Note to self and others, the second Apr should be Aug off course
Hi Thanks a lot for response. I too got to know a brilliant use of group by today. Though you are aggregating all the rows of a single column together, my requirement here was calculating mean of columns:
Input table:
Jul | June | May |
---|---|---|
0.7720045 | 0.5572995 | 0.981212222 |
0.354341042 | 0.239390889 | 0.222717542 |
5.209707917 | 4.4872722 | 3.489734167 |
0.01216675 | 0.038087 | 0.01692725 |
0.350684833 | 0.461149 | 0.158695 |
0.632433 | 0.688442 | 0.854134 |
0.017579333 | 0.020602 | 0.016646 |
0.058993556 | 0.051526333 | 0.052870633 |
0.080202 | 0.0559178 | 0.0708382 |
0.055620333 | 0.027738 | 0.042978833 |
Output Table:
Jul | June | May | Average |
---|---|---|---|
0.7720045 | 0.5572995 | 0.981212222 | 0.770172074 |
0.354341042 | 0.239390889 | 0.222717542 | 0.272149824 |
5.209707917 | 4.4872722 | 3.489734167 | 4.395571428 |
0.01216675 | 0.038087 | 0.01692725 | 0.022393667 |
0.350684833 | 0.461149 | 0.158695 | 0.323509611 |
0.632433 | 0.688442 | 0.854134 | 0.725003 |
0.017579333 | 0.020602 | 0.016646 | 0.018275778 |
0.058993556 | 0.051526333 | 0.052870633 | 0.054463507 |
0.080202 | 0.0559178 | 0.0708382 | 0.068986 |
0.055620333 | 0.027738 | 0.042978833 | 0.042112389 |
Where Header of Jul, June, May keeps changing
From @HansS response, I understood that changing the header name to some nomenclature like M0,M-1,M-2 this can be carried out.

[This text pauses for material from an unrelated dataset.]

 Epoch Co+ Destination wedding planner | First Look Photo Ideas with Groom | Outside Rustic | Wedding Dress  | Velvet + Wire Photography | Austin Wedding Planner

Thanks @ArjenEX / @HansS for your time and response
@iCFO I too love this forum
I see @nidhichirania. In that case:
I would create a collection with the Create Collection Column node, use Wildcard/Regex Selection and use the beforementioned filter.

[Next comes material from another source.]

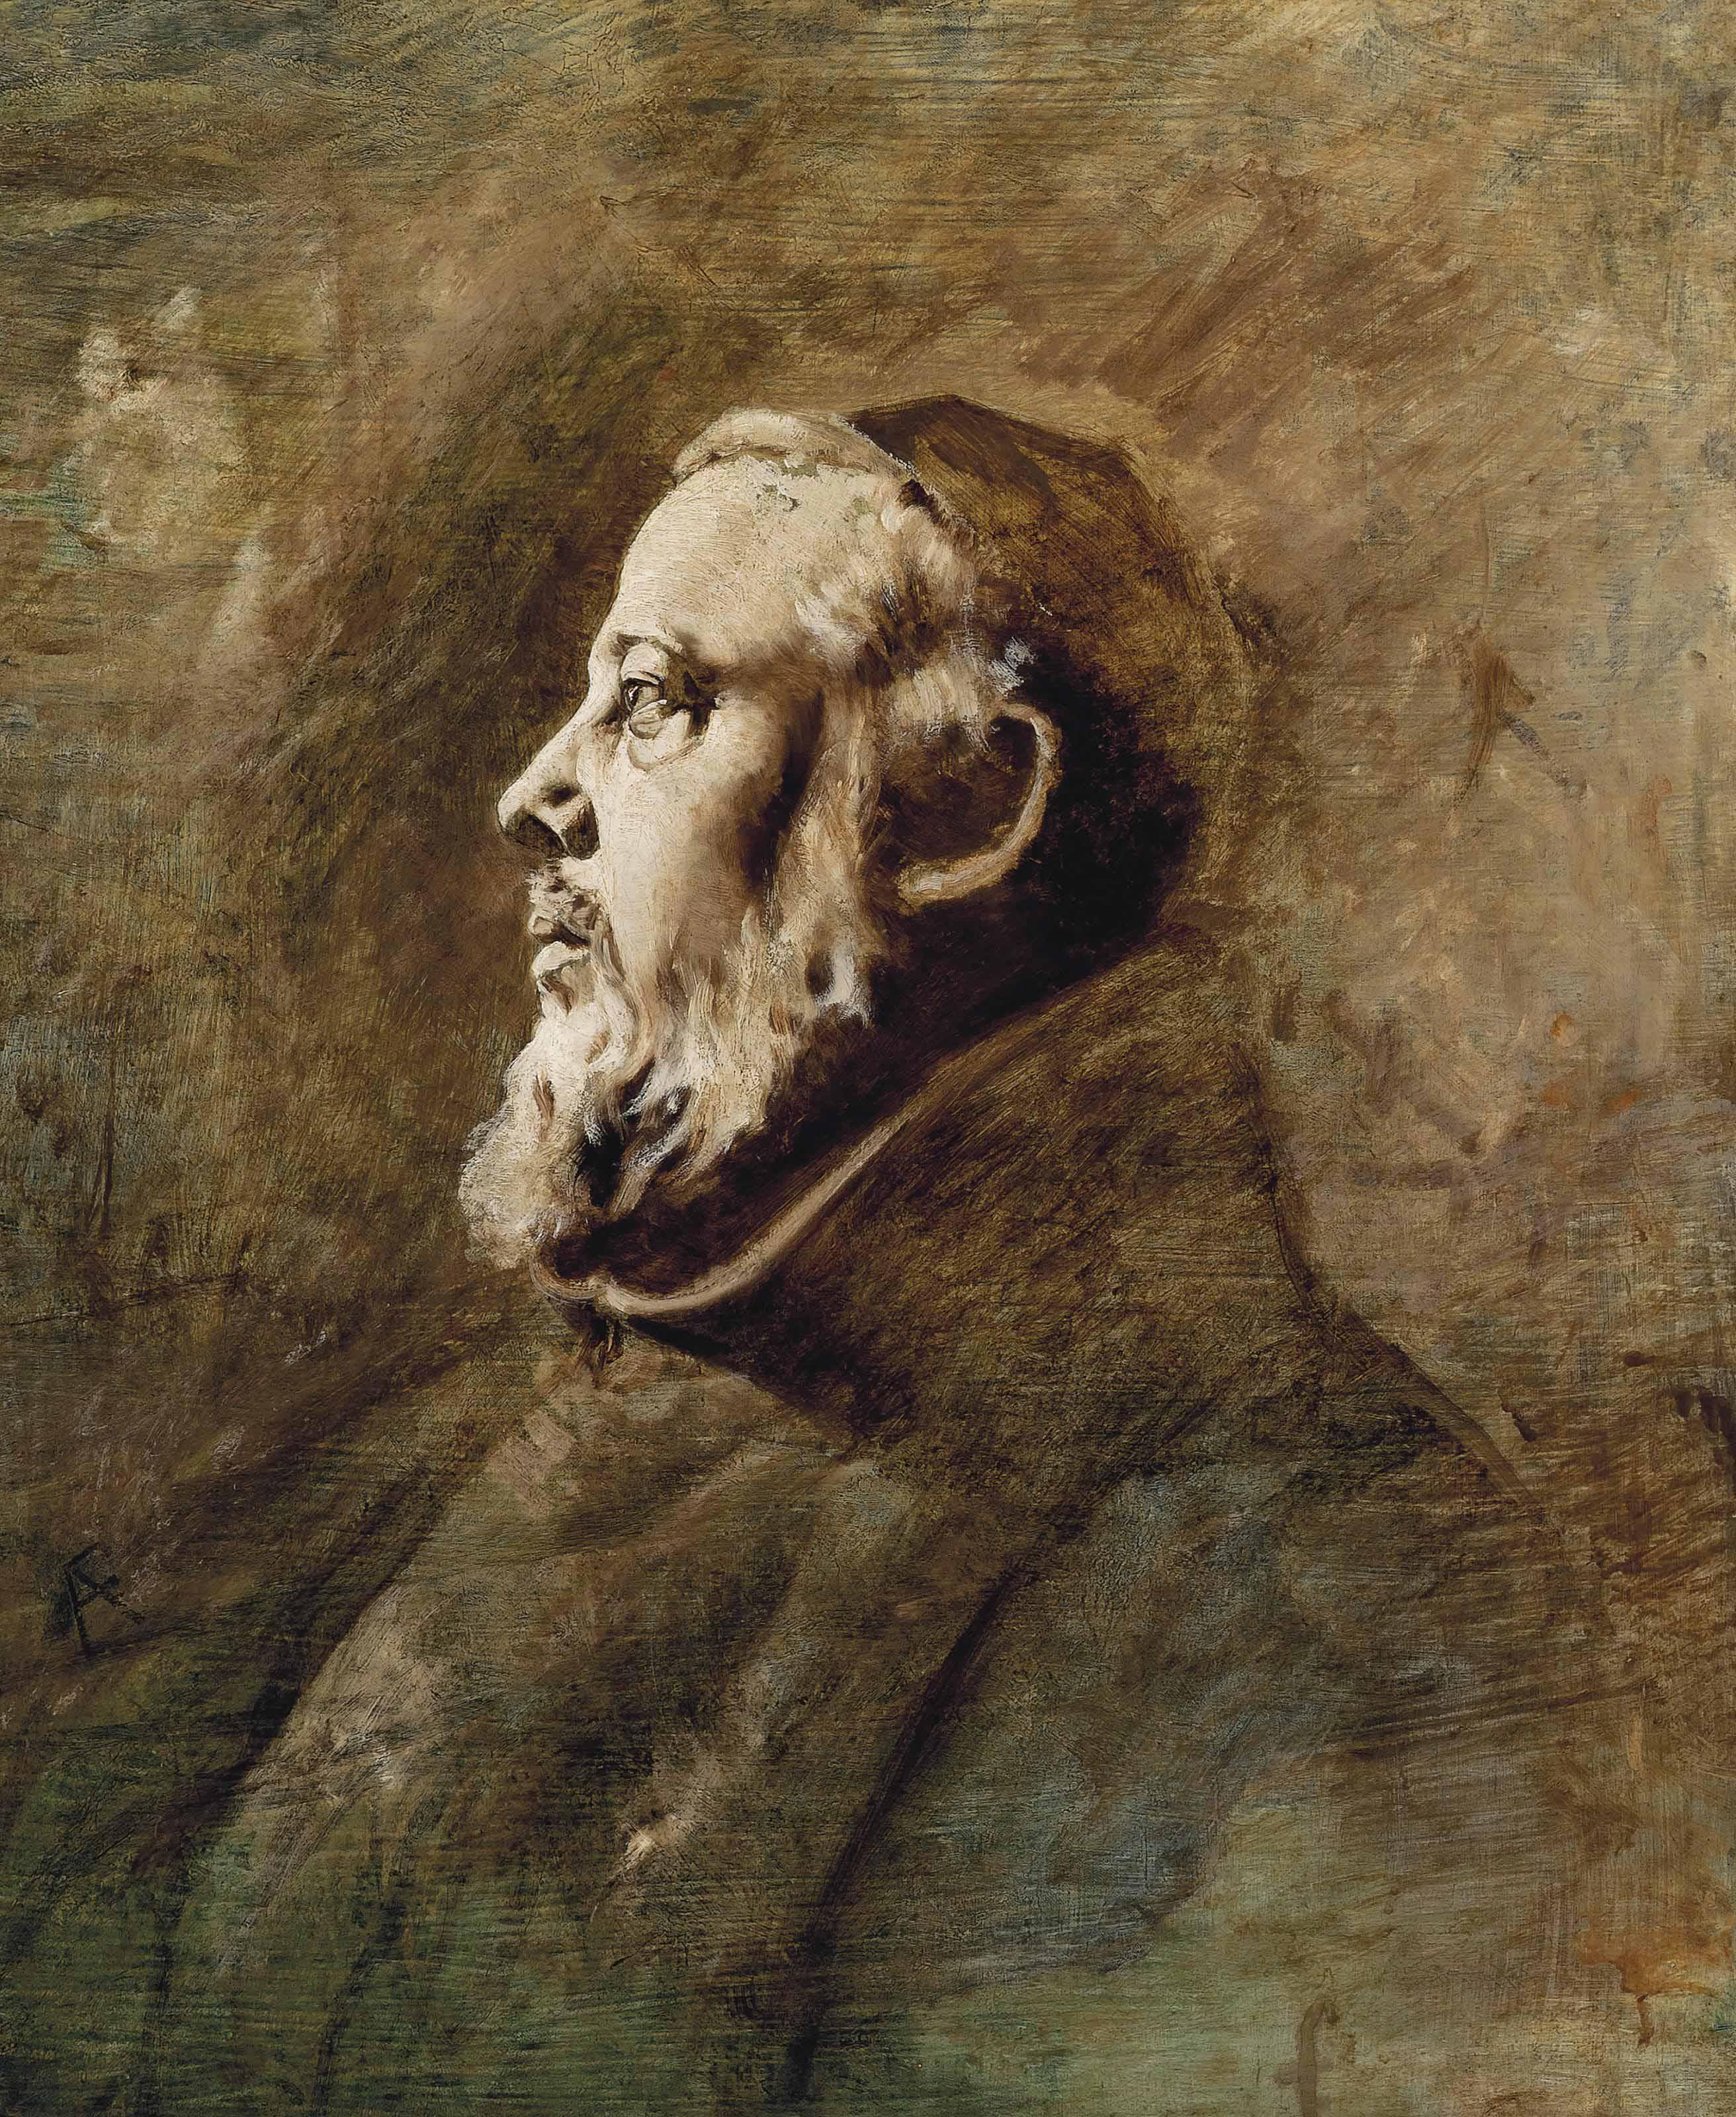 Bust portrait of a monk in profile

Next, add a Column Expression node and average the AggregatedValue collection
If you don’t have it, I highly recommend getting it. It’s one of the most versatile nodes out there.
The output seems to match your expected output (whereby yours has higher precision off course due to my dummy setup) .
V2 WF:
Mean of variable columns V2.knwf (16.9 KB)
PS: @iCFO While we’re at it, maybe another one for your cook book as I don’t see the Create Collection node being used a lot around here and you can do useful stuff with it pretty quickly
Hi @nidhichirania @ArjenEX , there is really no need to create a Collection for this.
Since you are already using the Column Expressions node, and since it’ll always be 3 columns, you can access nodes without having to bother about their names by using their index.
Here’s a demo I did about this a while ago as someone asked about it:
So, for your case, something like this will work:
average(column(0), column(1), column(2))
It does not matter what the headers of these 3 columns are or will be.
Input:
Results:
Even if the names are different, it will calculate average on the 3 columns:
@ArjenEX , @bruno29a
I like both your solutions (Thanks for sharing) but I still go with the column aggregator
br
This topic was automatically closed 90 days after the last reply. New replies are no longer allowed.